Master NCLEX PN Practice Questions With This Powerful TechniqueNCLEX PN practice questions and sample tests might make you feel like pulling out your hair. No matter how many nursing practice questions you take, you can’t seem to get the right answer. Even the best PN practice questions exam can’t shed light on the rationales behind your hardest study questions. It’s quickly becoming your biggest frustration, and you need a NCLEX PN exam review technique that immediately sheds light on how to find the right answer now.
There’s no need to cram to solve your biggest woes regarding LPN practice test questions. The study advice below helps you master the hardest exam-like questions with a fail-safe test preparation technique.
NCLEX PN Practice: Why Prioritization Questions MatterPrioritization questions represent some of the most popular questions on your NCLEX PN practice tests, and for good reason. Prioritization questions can be defined as a type of NCSBN question that requires the nursing student to prioritize what actions need to be taken to treat a patient.
Many nursing students discovered that more than 75 questions on an LPN NCLEX practice test consisted of prioritization questions. Achieving a 100% pass rate on the first try requires knowing how to identify and master these NCLEX PN practice test questions.
Break Through LPN Practice Questions With The “Remember To Breathe” MethodThe “Remember to Breathe” Method is critical for those test takers who want to answer nursing sample questions with confidence and ease. This technique can help you get fast results, beat the current test plan and pass your licensure exam for practical nurses.
Use the “Remember to Breathe” technique during test prep and your practical nurse test to increase your chance to pass on the first try:
- NCLEX PN practice questions that require prioritization can be identified using the “Remember to Breathe” method. Carefully examine the question for clue words. These are the words that let you know you’ll have to prioritize your nursing actions to treat a patient:
- Most Important
- Highest Priority
If you see any of these words within PN practice questions, move forward to the next step of the “Remember to Breathe” method.
- Now that you know you’ll need to prioritize, you need to know what actions should be taken first in order to treat a patient. The “Remember to Breathe” method makes it possible because the top priority is right in the method name. Before you do anything, a PN student should always check the airway to see that nothing is blocking the throat.
The next priority should be to check for breathing. After this penultimate priority, a nursing student should check for a pulse (circulation).
- Now that you know the “Remember to Breathe” method, let’s look at this technique in action on NCLEX PN practice test questions.
“The client with third-degree burns on over 35% of his body is receiving a morphine sulphate 7 mg subcutaneously every two to three hours for treatment of pain. When preparing a care plan for the burn patient, the nurse should include which primary action?”
- Monitor the patient’s stools.
- Monitor the patient’s pulse.
- Encourage the patient’s fluid intake.
- Encourage the patient to cough and take a deep breath.

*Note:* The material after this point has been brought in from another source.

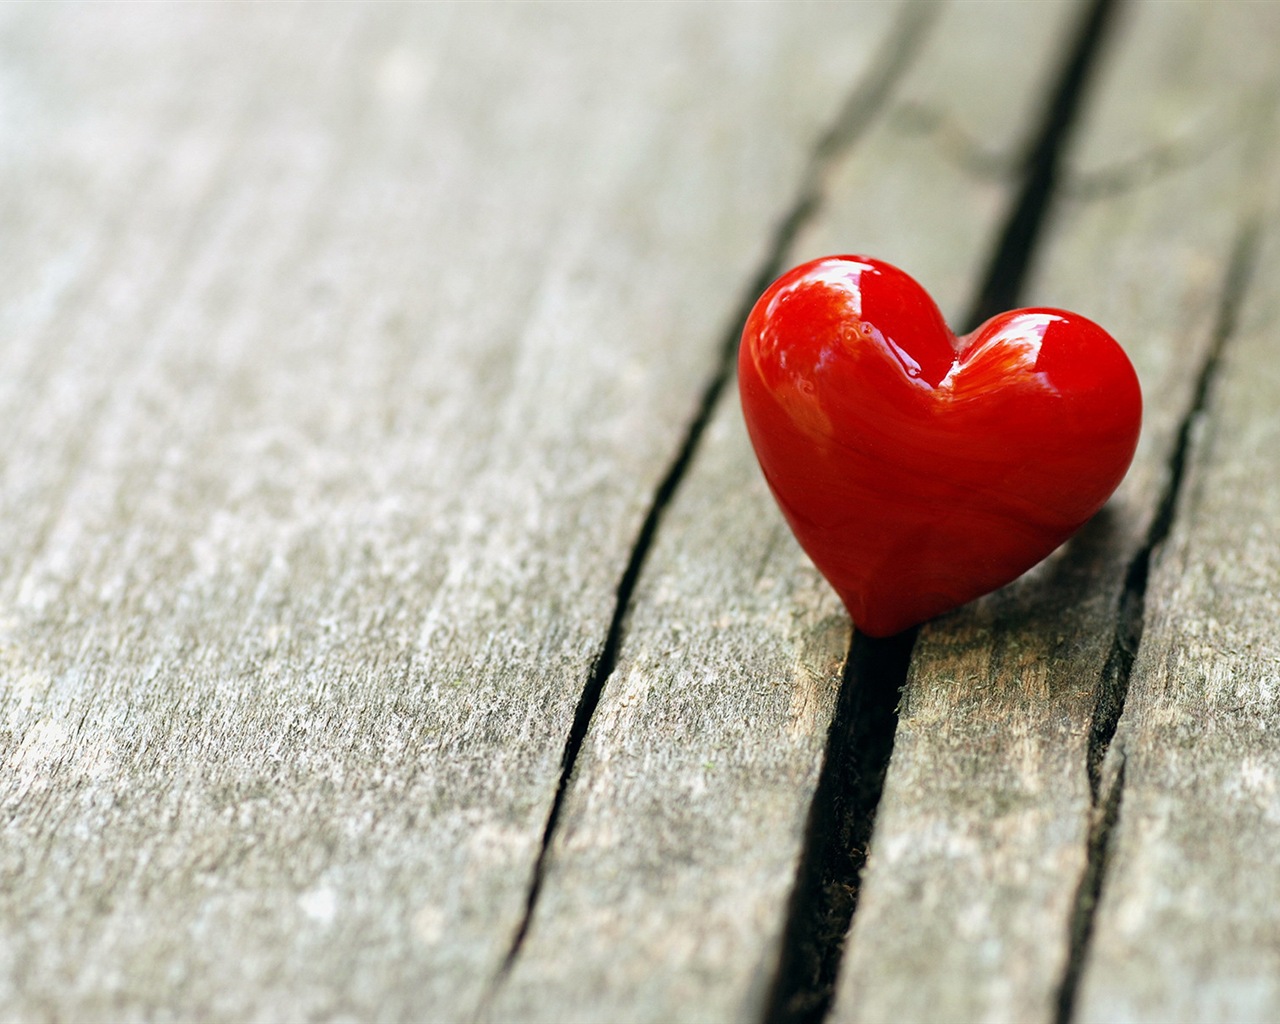 The theme of love, creative heart-shaped HD wallpapers #9 - 1280x1024

Now that you know to prioritize, take a look at the answers using the “Remember to Breathe” method. You’ll immediately see that the first priority – airway – is addressed in Option D. While each answer is technically correct, Option D should always be done first, as morphine can suppress the cough reflex.
What If You Use The “Remember To Breathe” Method?If you use the “Remember To Breathe” Method on your PN practice quizes, you’ll discover that you have a new found confidence to attack your test prep review with confidence and ease. You’ll no longer let prioritization questions trip you up on your quest to become a licensed nurse. In fact, with the “Remember to Breathe” method by your side, you’ll discover that each NCLEX PN practice test makes you look forward to taking the real National Council of State Boards Of Nursing Licensed Practical/Vocational Nurses.